Nachdem sie eine Weile geflogen waren, fiel Gregor ein, dass Ares nach dem langen Marsch durch den Tunnel noch gar keine Verschnaufpause gehabt hatte. »Willst du dir einen Platz suchen, wo du ein Nickerchen machen kannst?«, fragte er. »Ich halte Wache.« Doch noch während er das sagte, fing er an zu gähnen. Er selbst hatte auch nicht viel geschlafen.
»Ich fühle mich eigenartig wach«, sagte Ares. »Warum schläfst du nicht, während wir fliegen? Ich wecke dich, wenn ich eine Pause brauche.«
»Gut, danke.« Gregor streckte sich auf Ares’ Rücken aus. Das Fell war feucht und roch nach verfaulten Eiern, aber um Gregors Kleider war es auch nicht besser bestellt. Unter dem Fell spürte er Ares’ warmen Körper. Er schloss die Augen und schaltete alle Gedanken ab.
Erst nach etwa sechs Stunden weckte Ares ihn. Sie ließen sich hoch oben in der Felsnische einer Höhle nieder. Nachdem Ares Gregor mit einigen rohen Fischen versorgt hatte, fiel er sofort in einen tiefen Schlaf.
Gregor nahm einen Fisch und zog mit den Zähnen einen Hautstreifen ab. Dann biss er in das kalte Fleisch. Howard hatte die Fische immer mit dem Messer ausgenommen und einzelne Stückchen fein säuberlich aus den Gräten herausgeschnitten. Gregor besaß kein Messer, er hatte noch nicht mal ein Schwert. Aber was spielte das jetzt auch für eine Rolle? Wie er so auf dem Felsvorsprung über seinen Fisch gebeugt dasaß, kam er sich vor wie auf einer Zeitreise. Er hatte sich in einen Neandertaler verwandelt, der die Zähne in rohes Fleisch schlug, nur um seinen Körper mit den lebensnotwendigen Kalorien zu versorgen. Das musste ein hartes Leben gewesen sein. Sein eigenes war allerdings auch nicht gerade ein Sonntagsspaziergang.

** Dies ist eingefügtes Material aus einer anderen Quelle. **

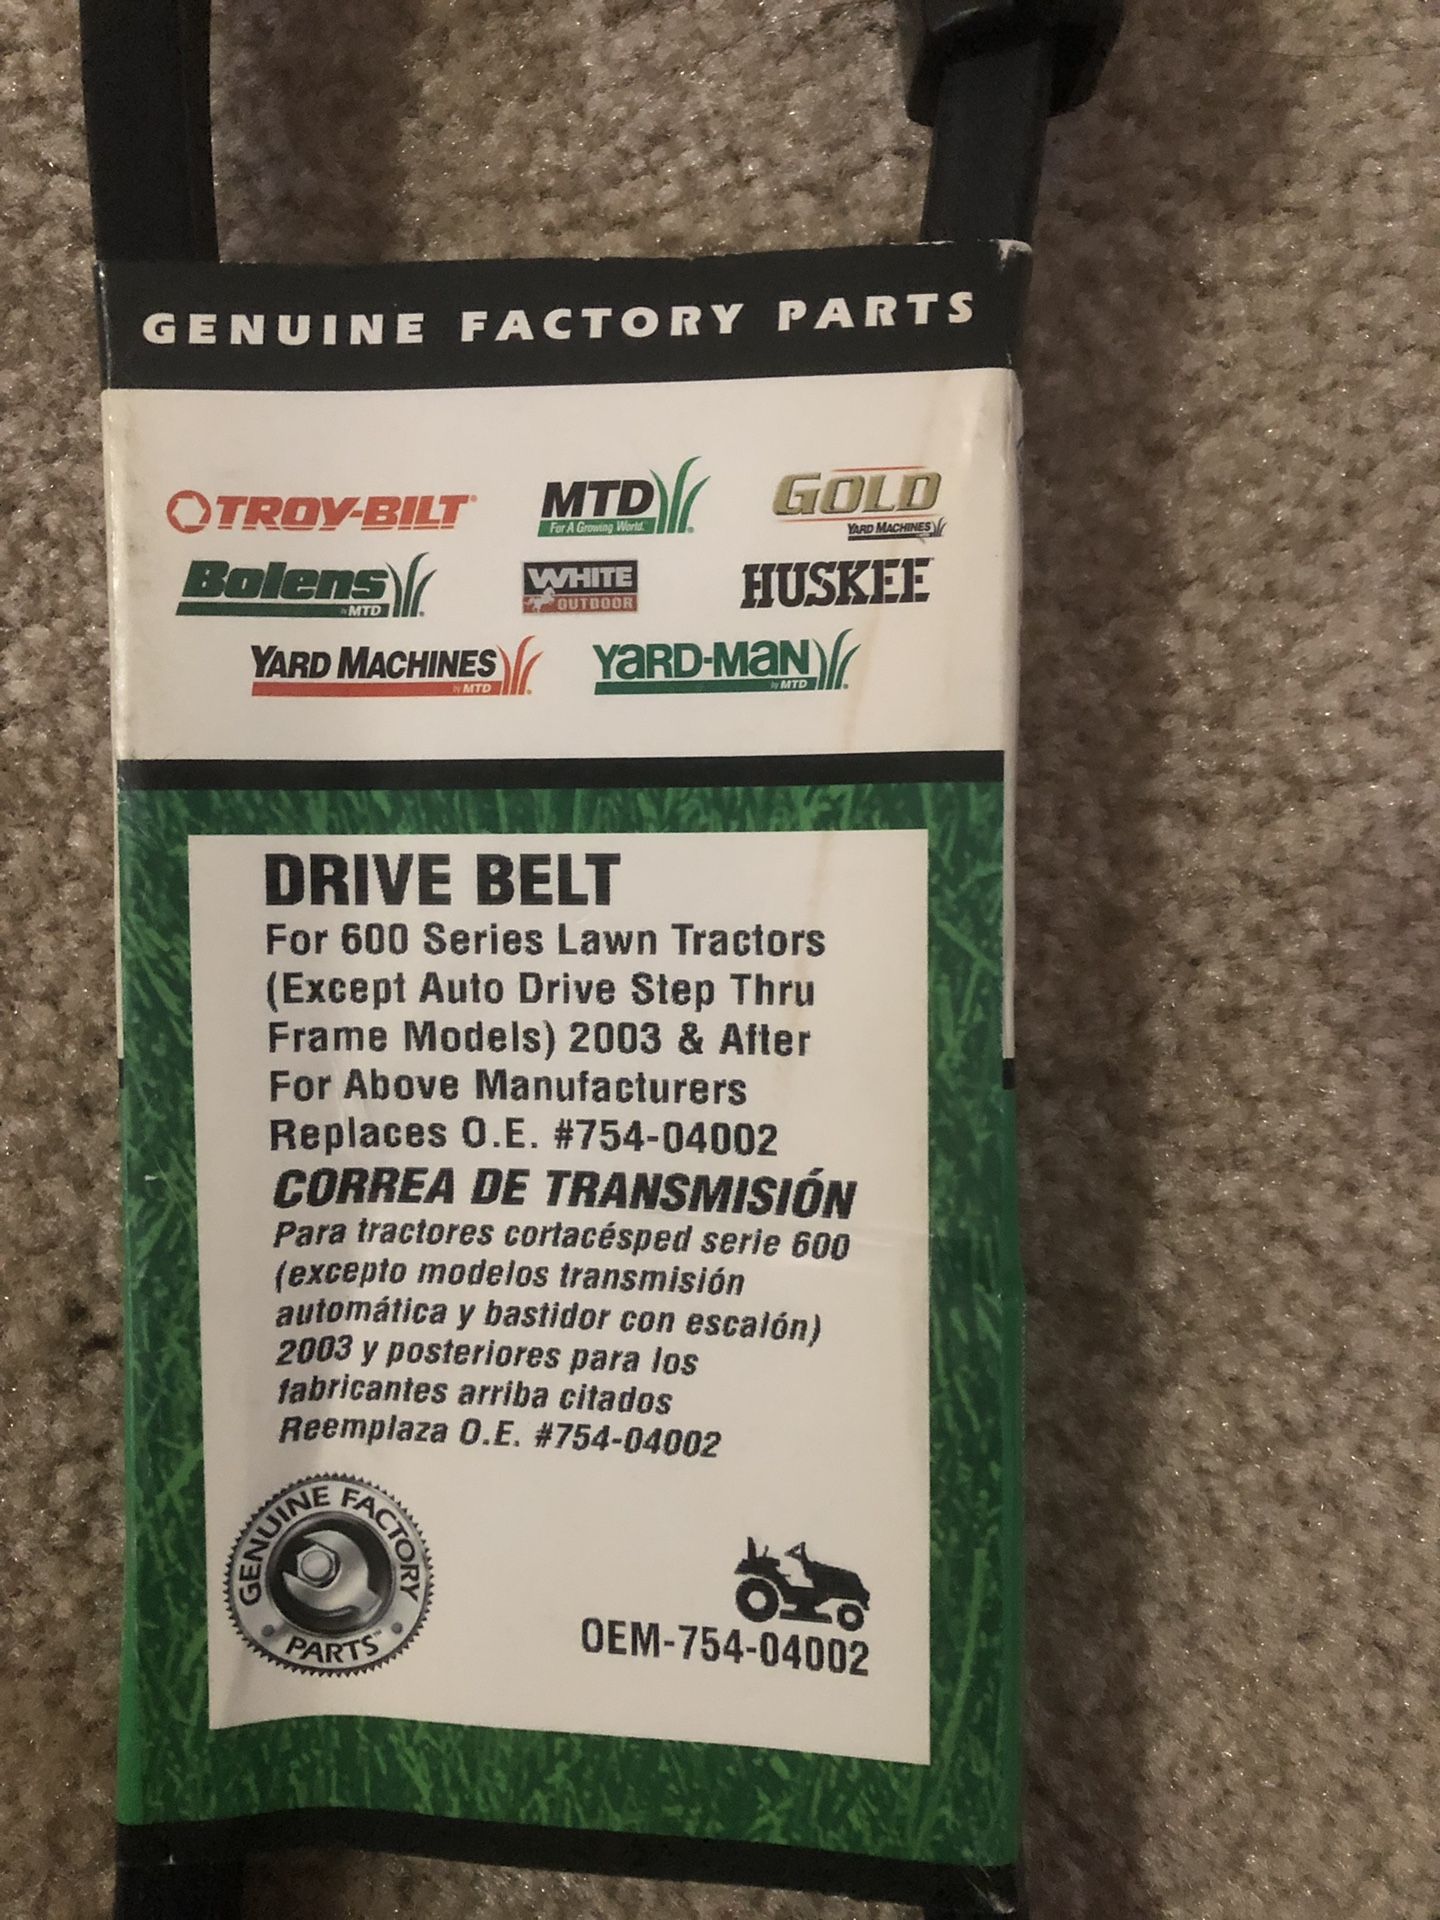 Drive belt for Lawn tractor 600 series

Sehnsüchtig dachte er an alle möglichen schweren, fetten Gerichte. An Mrs Cormacis Lasagne mit viel Soße und Käse. Schokoladenkuchen mit dicker Glasur. Kartoffelbrei mit Soße. Mit einem Stöhnen riss er ein zähes Stück Fisch ab. Wenn man Hunger hat, dachte er, lassen sich Hunderte oder auch Tausende Jahre zivilisatorischer Entwicklung im Nu auslöschen.
Gregor wischte sich die Hände an der Hose ab und lehnte sich zurück an den Felsen. Er starrte in den Schein seiner Taschenlampe, das einzige bisschen Licht an diesem riesigen, dunklen Ort. Er war jetzt bei den letzten Batterien angelangt. Wenn die verbraucht waren, war er ganz auf Ares angewiesen. Aber er war ja sowieso vollkommen abhängig von der Fledermaus. Ihr Verhältnis schien ihm ziemlich unausgewogen. Zu etwa neunzig Prozent sorgte Ares allein dafür, dass sie am Leben blieben. Gregor hatte nicht das Gefühl, ein brauchbarer Bündnispartner zu sein.
Also, hör jetzt damit auf, in die Taschenlampe zu starren, und guck lieber, ob dir was Verdächtiges auffällt!, rief er sich selbst zur Ordnung. Voller Selbstverachtung schwenkte er den Schein über die Felsen. Nichts Neues zu sehen. Trotzdem, er musste mehr auf der Hut sein, wenn er Wache hielt. Howard hatte gesagt, es gebe Tricks, sich wach zu halten. Eine Weile ging Gregor das große Einmaleins durch, das schien zu helfen. Als Nächstes versuchte er sich an die Hauptstädte aller fünfzig Staaten der USA zu erinnern. Aber das reichte nur für, na ja, fünfzig Staaten. Schließlich zwang er sich dazu, etwas auszurechnen, was er bisher verdrängt hatte: die Zahl der Tage, die er sich im Unterland befand.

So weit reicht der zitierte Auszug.